**Work instructions**: Write out the opening lines of the data word for word, up to and including the line with "Peoples Republic Of", and leave every picture and every later line out.

**Given data**:
-------------------------

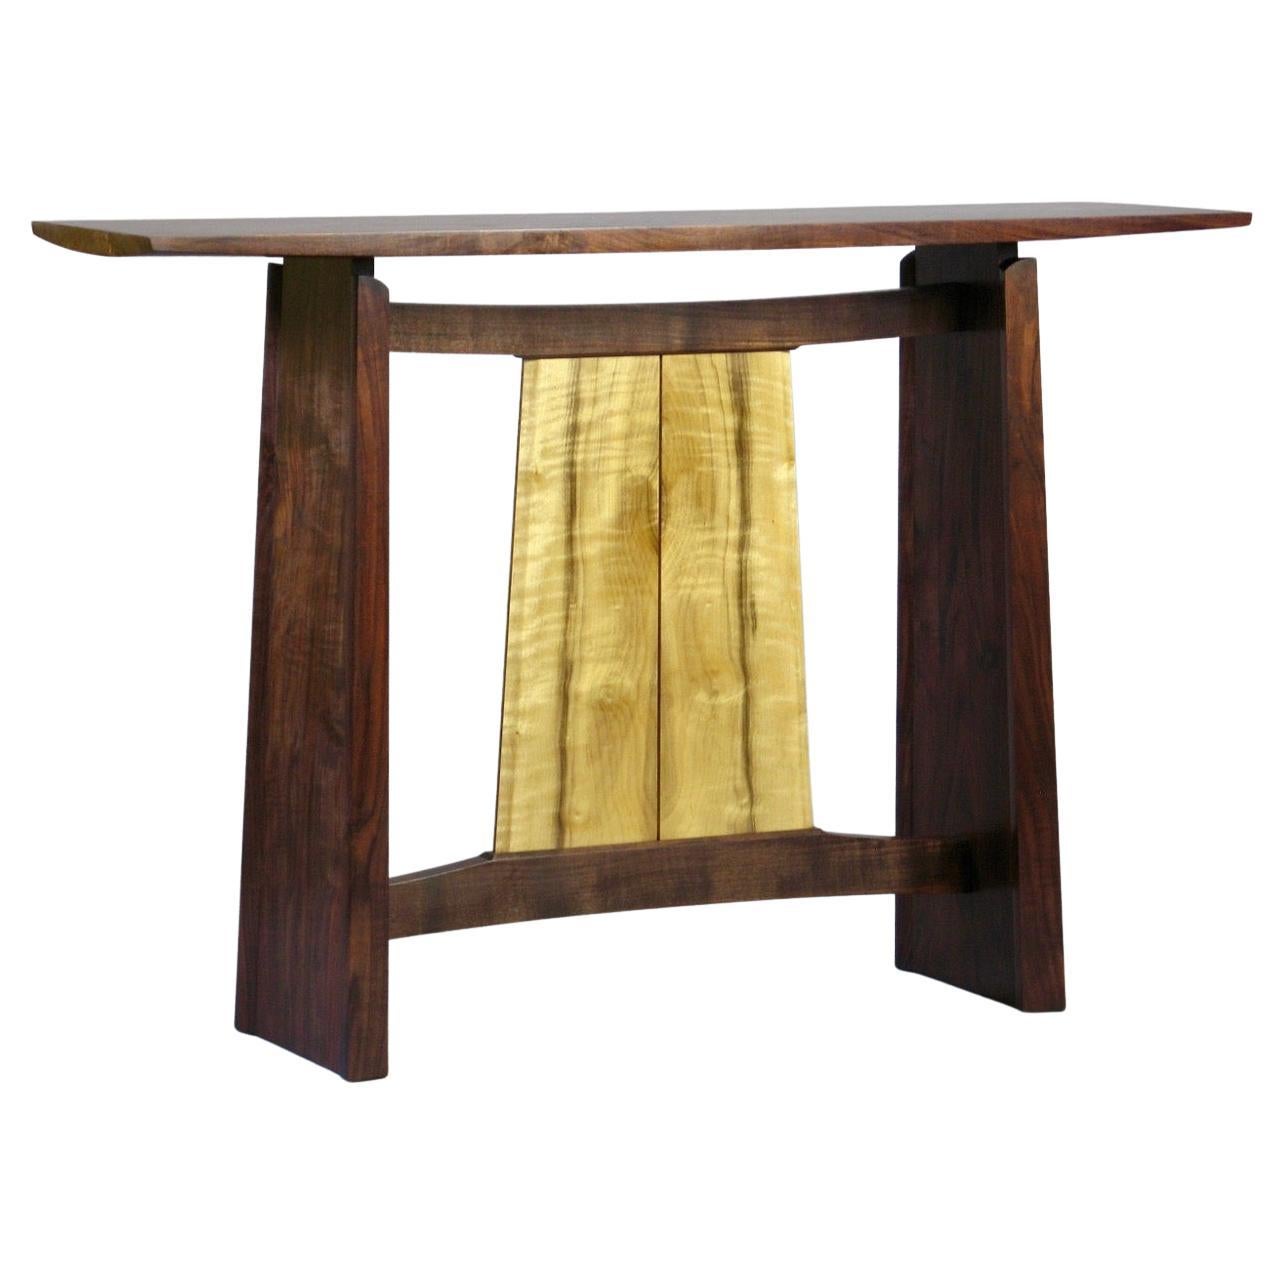 Walnut and Myrtle Console Table by Thomas Throop/ Black Creek Designs - In Stock
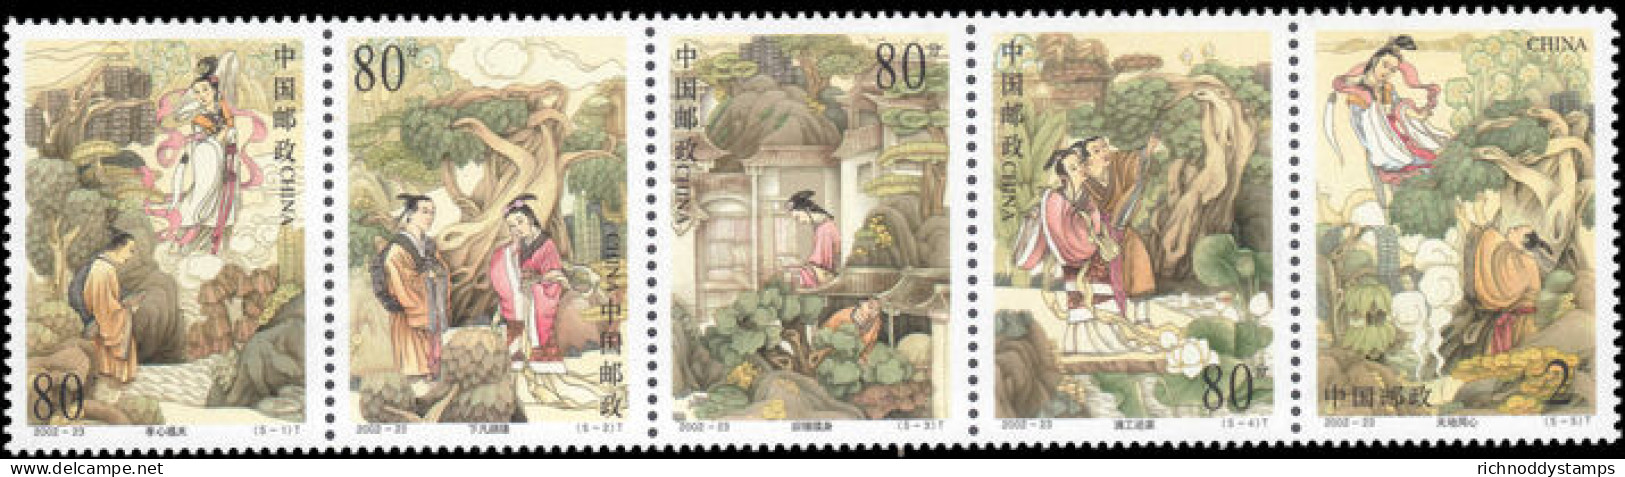 Peoples Republic Of China 2002 Tale Of Dong Yong And The Seventh Immortal Maiden Unmounted Mint. - Unused Stamps
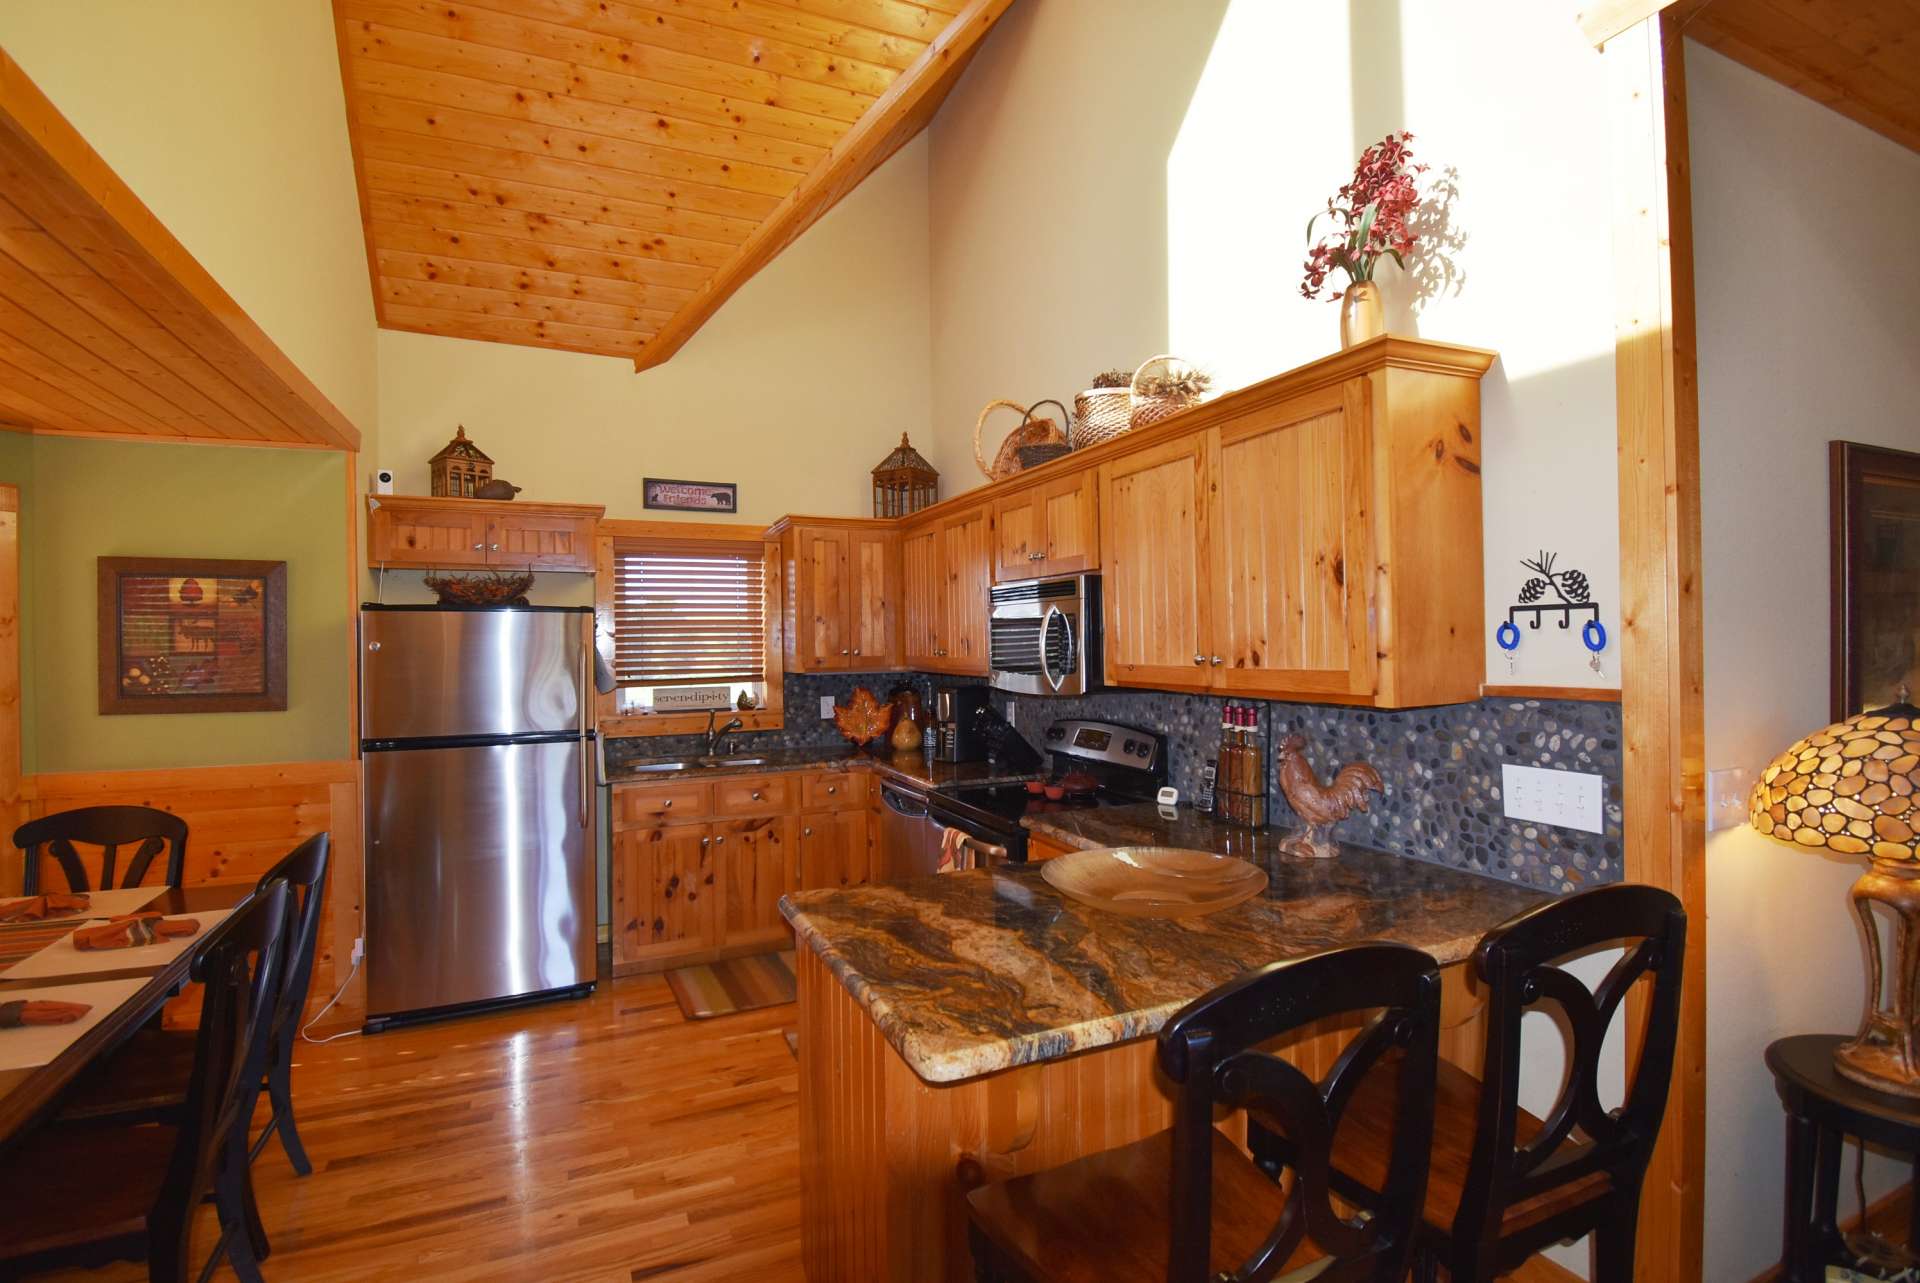 The kitchen is sure to please any chef with its stainless appliances, custom cabinetry with granite counter tops, and plenty of work and storage space including a bar with seating.

-------------------------

**Your response**:
 Walnut and Myrtle Console Table by Thomas Throop/ Black Creek Designs - In Stock
 Peoples Republic Of China 2002 Tale Of Dong Yong And The Seventh Immortal Maiden Unmounted Mint. - Unused Stamps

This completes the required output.